Yes, you're probably right. And I'm probably not the best judge of traction, as I abuse those factory traction wheels with long consists, high speed and smoke. And I usually double head everything. That's why I tell people to try it for themselves on an old locomotive and see how it works for them.


----------



## AmFlyerFan (Jan 27, 2019)

*an old thread.*

I was looking for info on replacement issues for a Pul-Mor tire on my Atlantic 307.
This thread has some good info. Parts have been ordered.
My question is; Which year did AF start using Pul-Mors on their steamers?

I see some have the PM's on the back (my 21085's), some on the front (my 307), my 302ac has none. I suppose through trial & error AF figured out the best placement for PM's.
All my steamers are running, smoking, & looking good. No smoke in the 307 (yet).


----------



## AmFlyer (Mar 16, 2012)

Pull-Mor was introduced in 1953 on the knuckle coupler engines. There were still many link coupler sets made in 1953 that did not get them.


----------



## AmFlyerFan (Jan 27, 2019)

Thanx for the history lesson. I think I remember seeing in about that vintage catalog (53 or 54) a kit to replace the older style couplers (link) with knuckler couplers at home for those that couldn't have a hobby shop switch them.
Never seen one on E-bay.

In regards to link couplers, which came first, brass weights or black weights? what year?


----------



## AmFlyer (Mar 16, 2012)

Unweighted thin shank, 1946; unweighted thick shank, 1947; brass weight, 1948; black weight, 1949 to end of production (1953.)
Kits were first made with link couplers to allow owners of prewar O gauge AF to put on S gauge trucks with couplers. Kits were made for knuckle couplers but it was easier to buy split shank knuckle couplers and just put them on the link coupler trucks. I have some kits in their OB somewhere in my collection.


----------



## flyernut (Oct 31, 2010)

Be careful when adding or taking off wheels, the diameters of the outside rim are different.I have 3-4 different diameter wheels in my supply drawers.


----------



## MichaelE (Mar 7, 2018)

My locomotives would never pull the grades with load on my layout without traction tires.
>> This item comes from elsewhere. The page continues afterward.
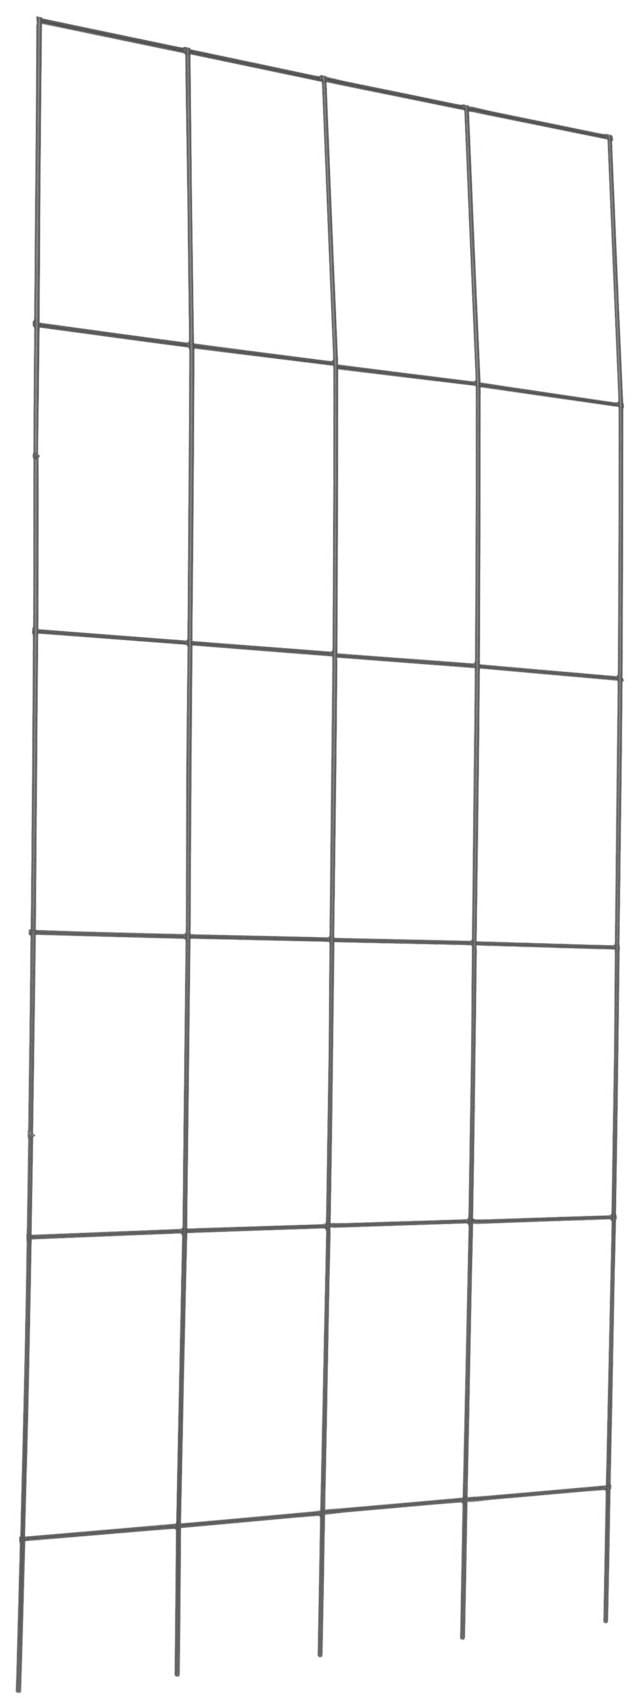 Spalier, Gitterspalier aus Metall, rostfrei, H: 150 cm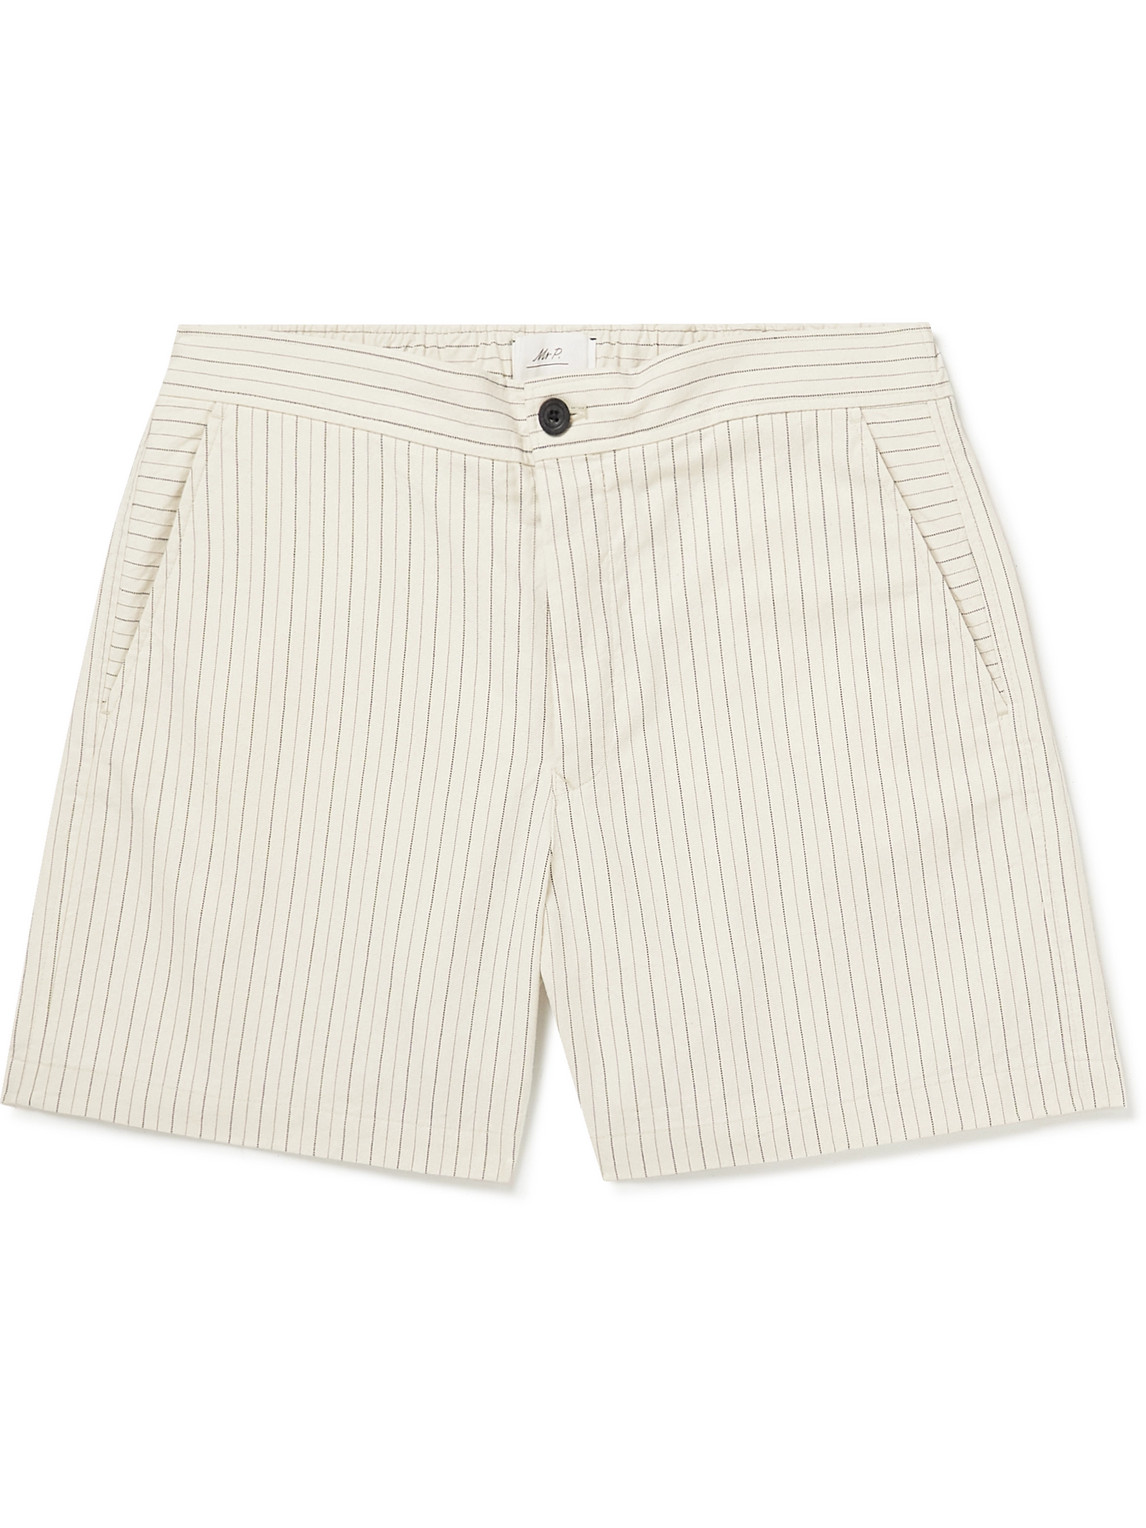 Mr P. - Pinstriped Cotton-Blend Twill Shorts - Men - White - 38 von Mr P.

I'm happy they come with them even if they are a consumable that has to be replaced from time to time.


----------



## AmFlyerFan (Jan 27, 2019)

flyernut said:


> Be careful when adding or taking off wheels, the diameters of the outside rim are different.I have 3-4 different diameter wheels in my supply drawers.


That I've figured out from collecting parts. I try to get just what I need but sometimes at garage sales, etc. it can be a crap shoot.
All part of the fun though.


----------